According to APA guidelines [9], one method for demonstrating equivalence is to examine differences between the average scores derived from the different administration modes. Mean differences between the two modes of administration were small—the average difference was only 0.2% of the scale range. There were very few instances where the difference exceeded 5% of the scale range. In a particular application, the investigator must evaluate differences associated with method of assessment relative to clinically meaningful “minimally important differences”[24]. Although we could not evaluate the observed differences in relation to the minimally important difference, which differs across measures and populations, the observed mean differences—less than one half point on a 100-point scale—appear to be so small as to be of no practical significance in any context. Moreover, the meta-analysis showed that the mean difference was not significantly different from zero, indicating that even this small-observed difference was likely due to random variation. Thus, the mean differences were very small and suggest equivalence.

In addition to mean differences, it is also important to examine the correlation between scores from each administration mode, to determine whether individuals retain their relative “rank” in the score distribution when completing the computerized measure [9]. In these data, the average weighted correlation was 0.90, suggesting that relative position in the distribution is retained when the assessment is completed on a computer. Further, studies using ICC or weighted kappa, which take into account both covariance and score means and variability, yielded equivalence estimates that were almost identical to studies using more traditional correlation coefficients. This provides compelling evidence that there is little change in patient responses when migrating to an electronic platform.

There was substantial heterogeneity in the individual correlations, which was resolved by dropping several outliers, without affecting the overall ES. Nevertheless, we were unable to identify any methodological factors within the outlier studies that explained their extreme ES. The analysis of moderators did not resolve this heterogeneity. Therefore, it is unclear why these studies produced extreme correlations. Some factor that we could not identify may cause the variation, or it could be due to random variability in a distribution. In fact, four of the studies were above the mean and four below the mean, as would be expected in a normal distribution. Even with this heterogeneity, only two of the studies produced a correlation that was less than 0.75. There is no reason to believe that the unexplained heterogeneity should temper the overall conclusions drawn from the meta-analysis.

When an assessment is completed on different occasions, there are many reasons why scores may change—among other things, participants may change their minds about how to respond to an item, their actual condition may change even when the interval between assessments is short, or simple random error may alter responses. This is why even repeated administrations of the same test, in the same modality, vary; yielding test–retest correlations lower than 1.0. Because the equivalence tests of paper and electronic assessments also involved two administrations, some of the variability in scores between paper and electronic tests is due to this test–retest variation, rather than to mode of administration. To assess how much of the observed variation was due to the changes in mode of administration, we compared the observed paper-to-electronic correlations to the test–retest correlations from two administrations of the paper assessment. The two measures of retest variation were very similar: in other words, administering a test on a computer is just like readministering the paper test a second time. This suggests that there is little or no variation in scores attributable to mode of administration, and provides compelling evidence that the computerized measures are equivalent to the paper and pencil versions.

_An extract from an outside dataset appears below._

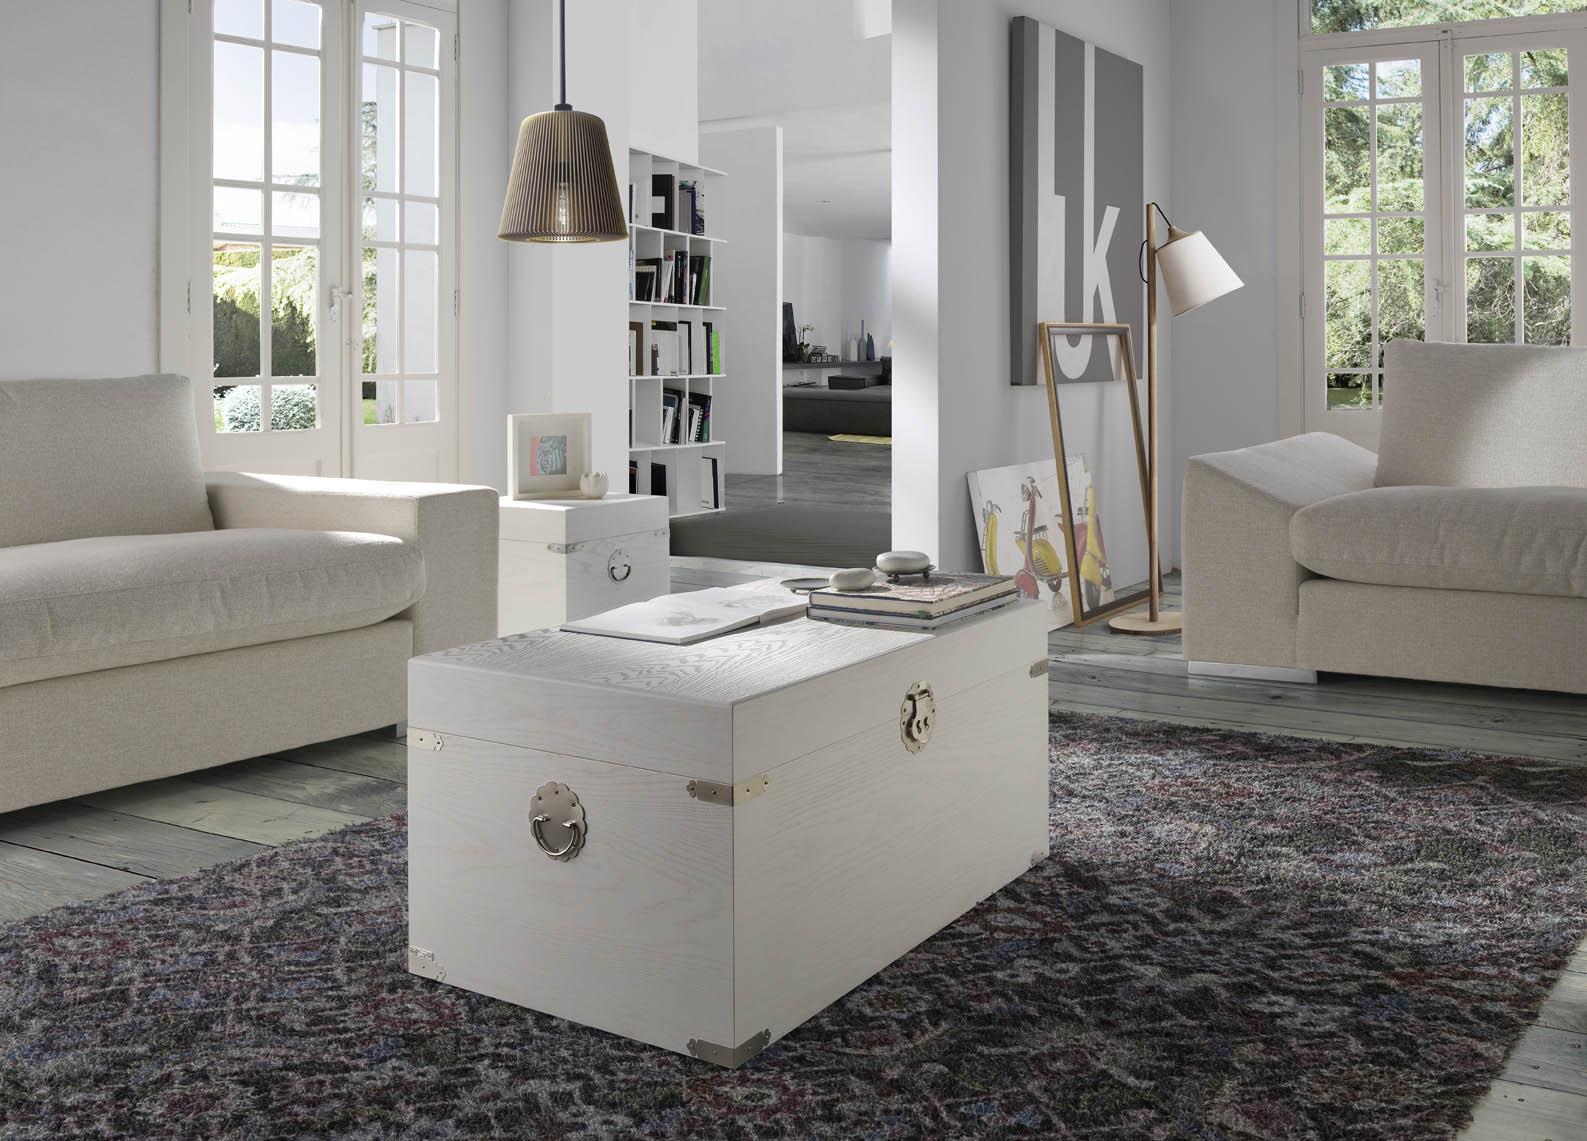 baules como muebles auxiliares Casanova Gandia

The meta-analysis showed a high overall level of agreement between paper and computerized measures. We also examined whether equivalence varied by age, computer experience, and computer platform. Even though items may need to be altered to fit on a PDA screen (e.g., reducing the size of a VAS [11]), there is little evidence that using a PDA decreases concordance with the paper version of the assessment. Mean differences were slightly larger in studies using PDAs, but this effect was small and largely due to one outlier study. Additionally, paper-computer correlations were not moderated by platform type—correlations were above 0.90 for both types of platform. Most importantly, the mean differences were not significantly different from zero for either type of platform, suggesting that both PDAs and larger screen devices produce scores that are equivalent to scores from paper forms. There was no variation by subjects' computer experience. Although increasing age was associated with lower paper-electronic correlations, this association was small and unlikely to be clinically relevant. Even when the average age of the sample is approximately 65 years old, the predicted paper-electronic correlation is 0.86. It is also possible that test–retest reliability is adversely affected by increasing age, regardless of mode of administration [25], which would explain the observed slight decline in paper-computer concordance.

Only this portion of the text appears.